**Dataset excerpts**
******************************
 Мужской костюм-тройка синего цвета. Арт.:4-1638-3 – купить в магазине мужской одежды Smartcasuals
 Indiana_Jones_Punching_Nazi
******************************
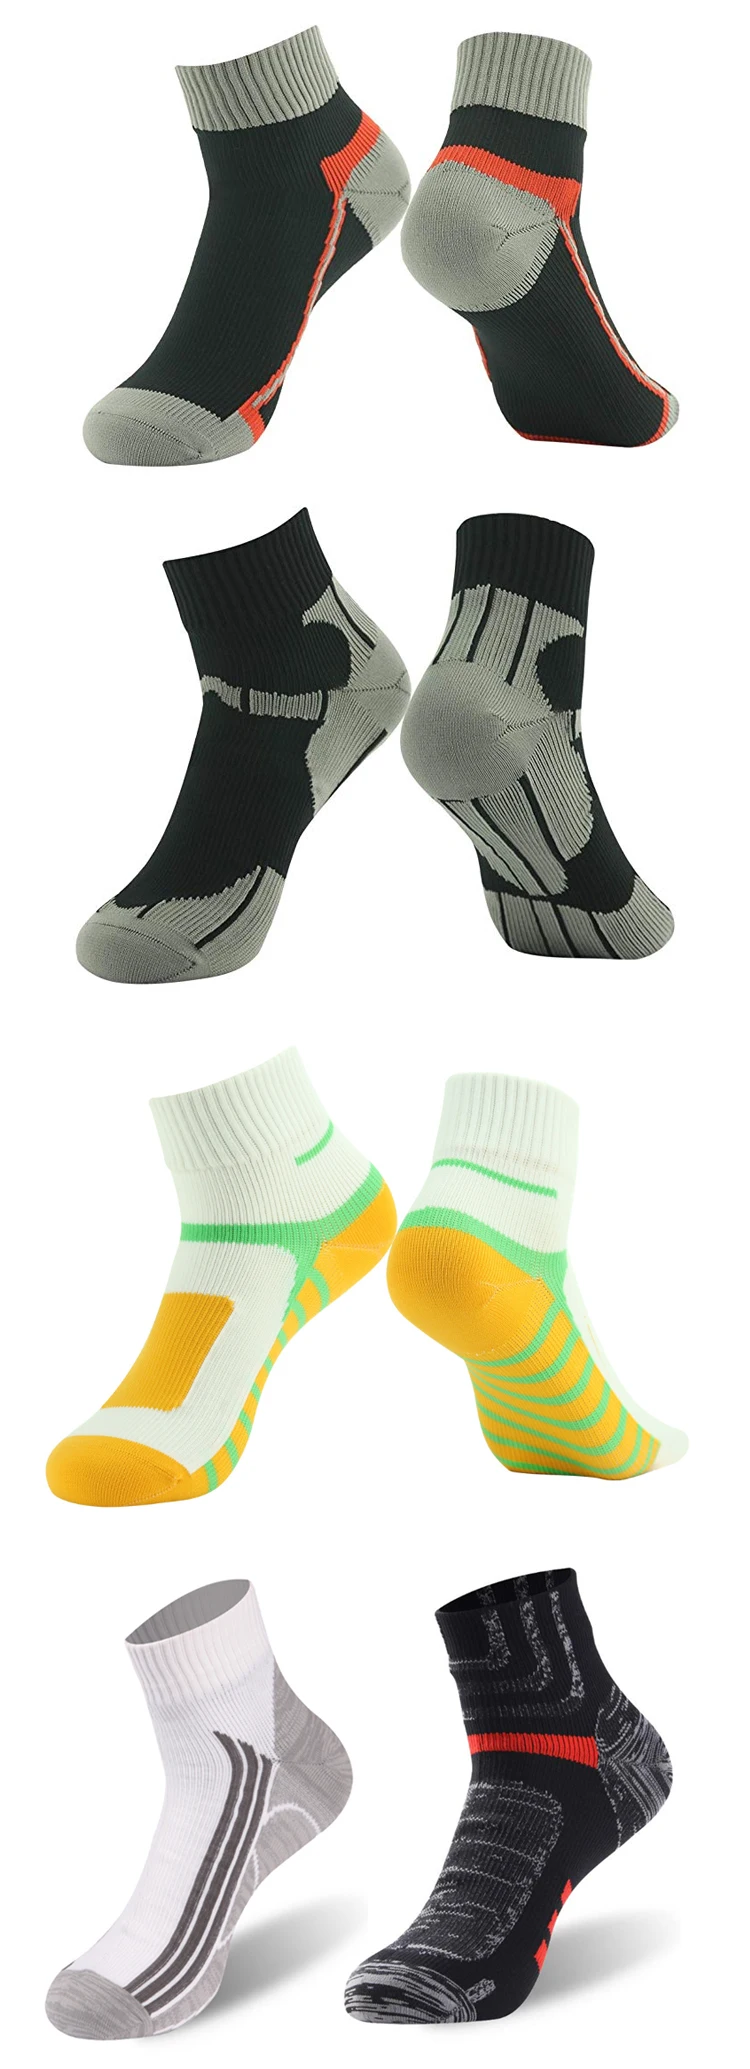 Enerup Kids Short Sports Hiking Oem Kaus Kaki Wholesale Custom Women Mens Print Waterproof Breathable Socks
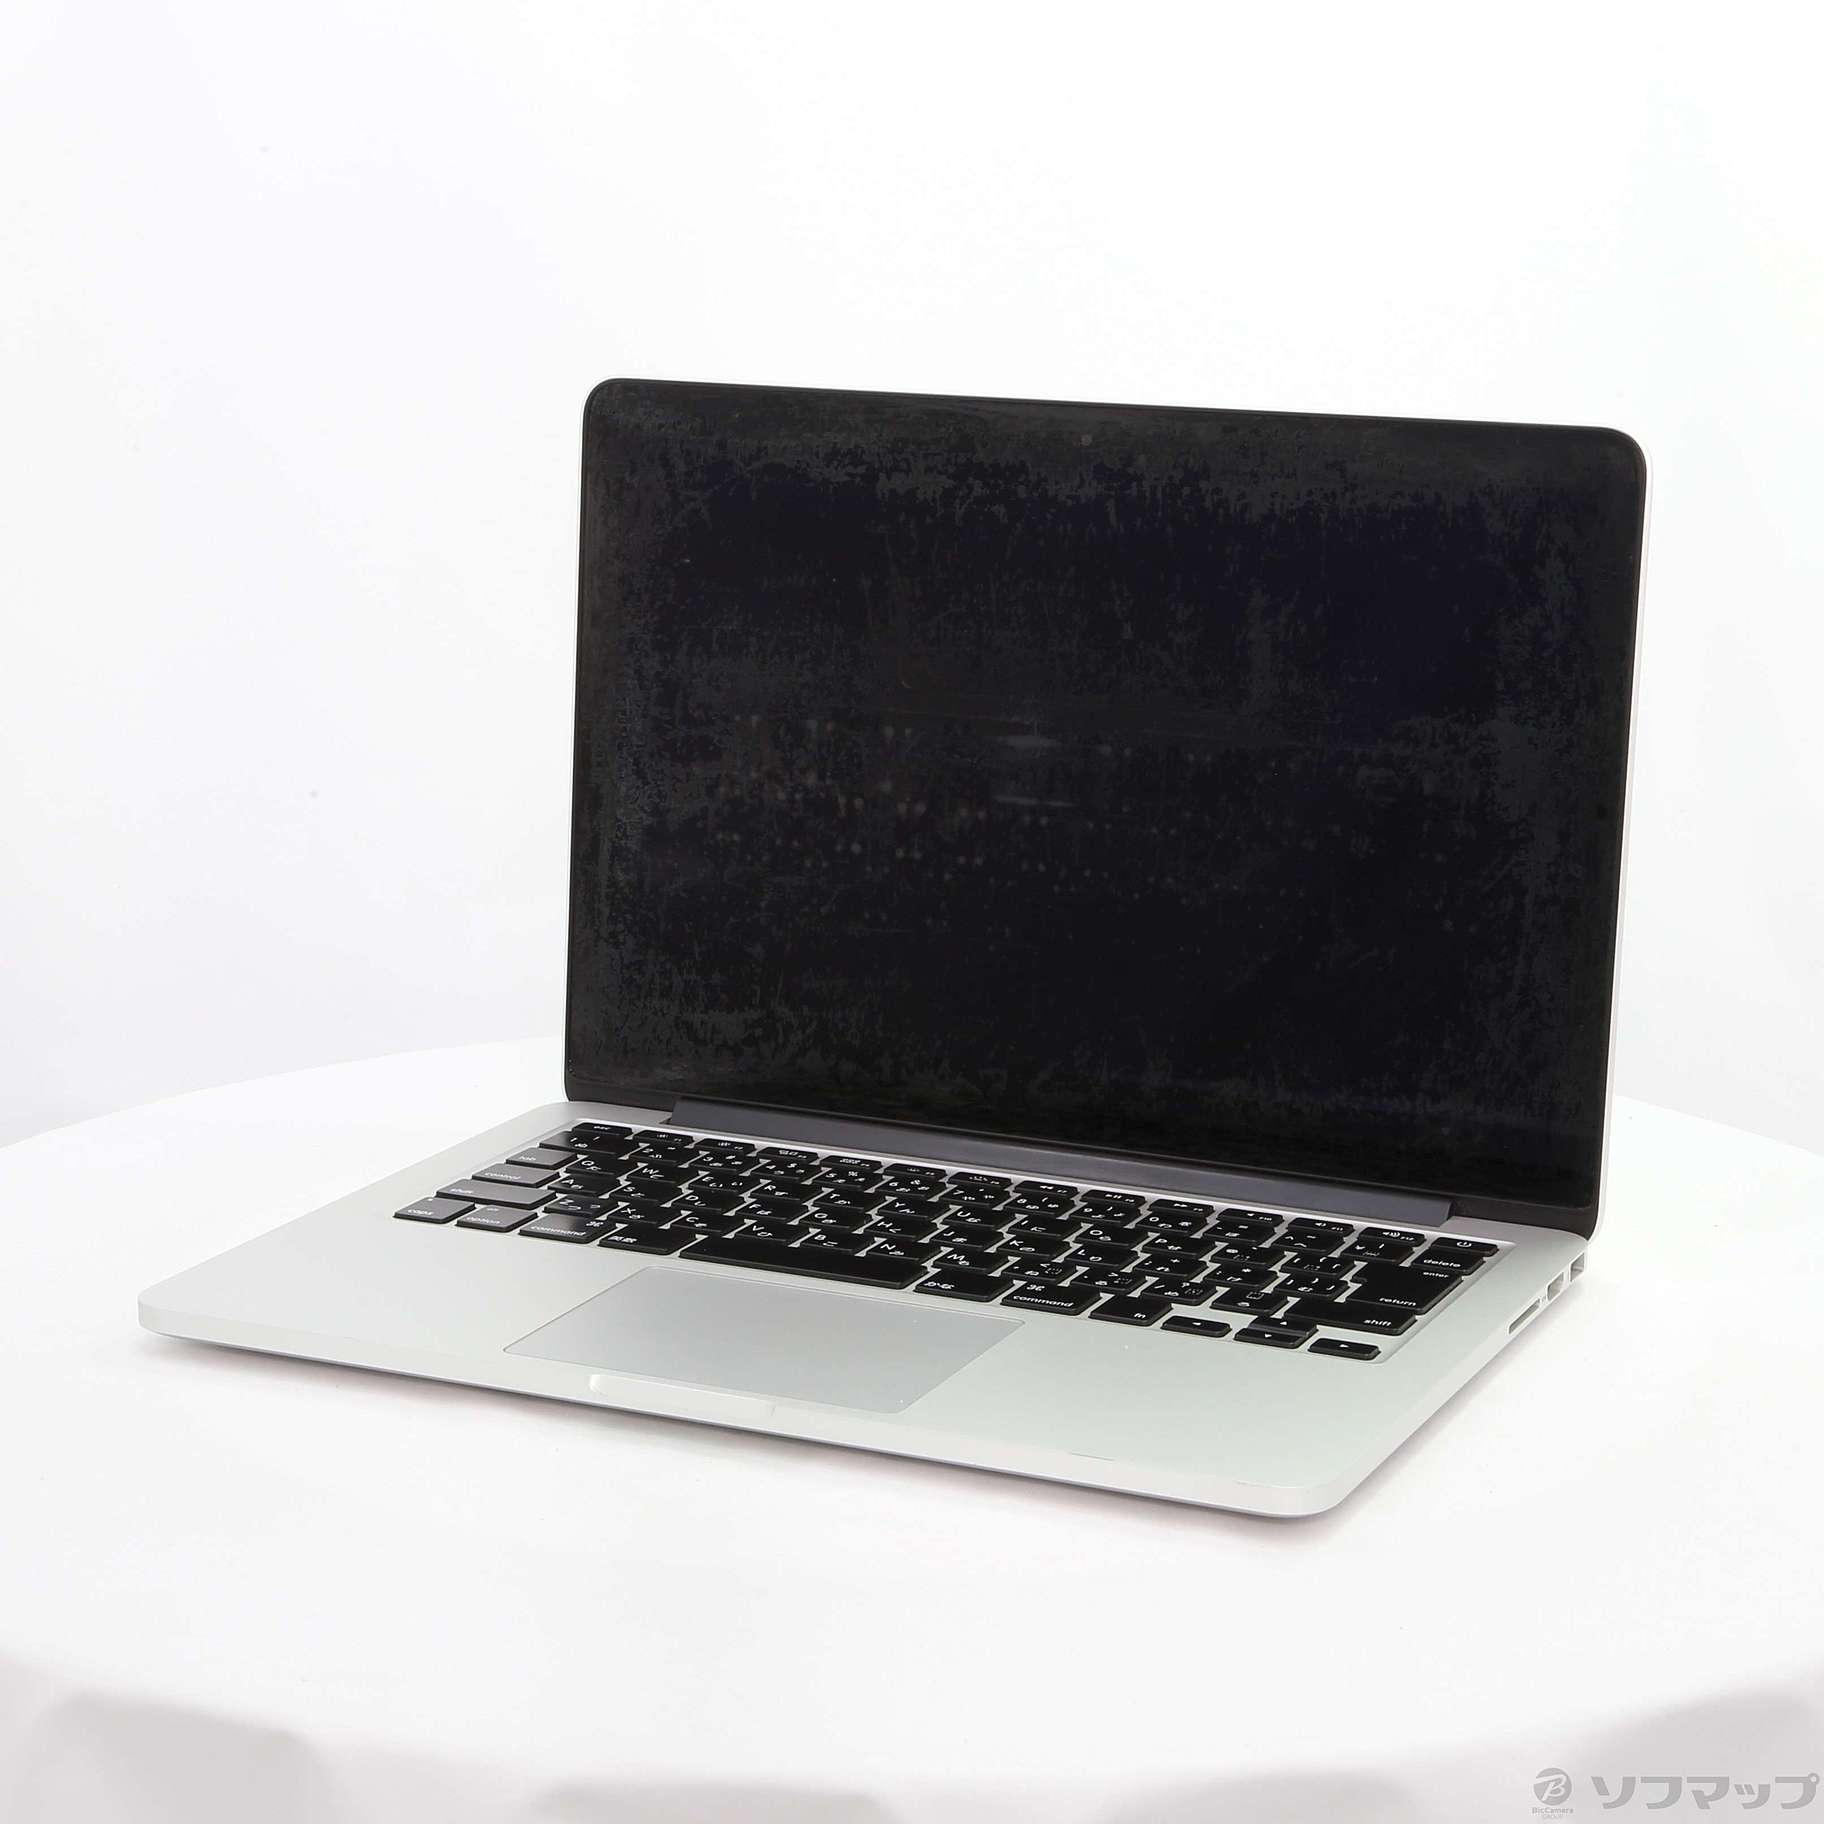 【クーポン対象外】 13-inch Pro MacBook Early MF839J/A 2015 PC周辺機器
******************************
**Task instructions**
Within the listing above, extract exactly the lines from the line with "Мужской костюм-тройка синего" to the line with "Indiana_Jones_Punching_Nazi", the two named lines included, and no others.

**Expected output**
 Мужской костюм-тройка синего цвета. Арт.:4-1638-3 – купить в магазине мужской одежды Smartcasuals
 Indiana_Jones_Punching_Nazi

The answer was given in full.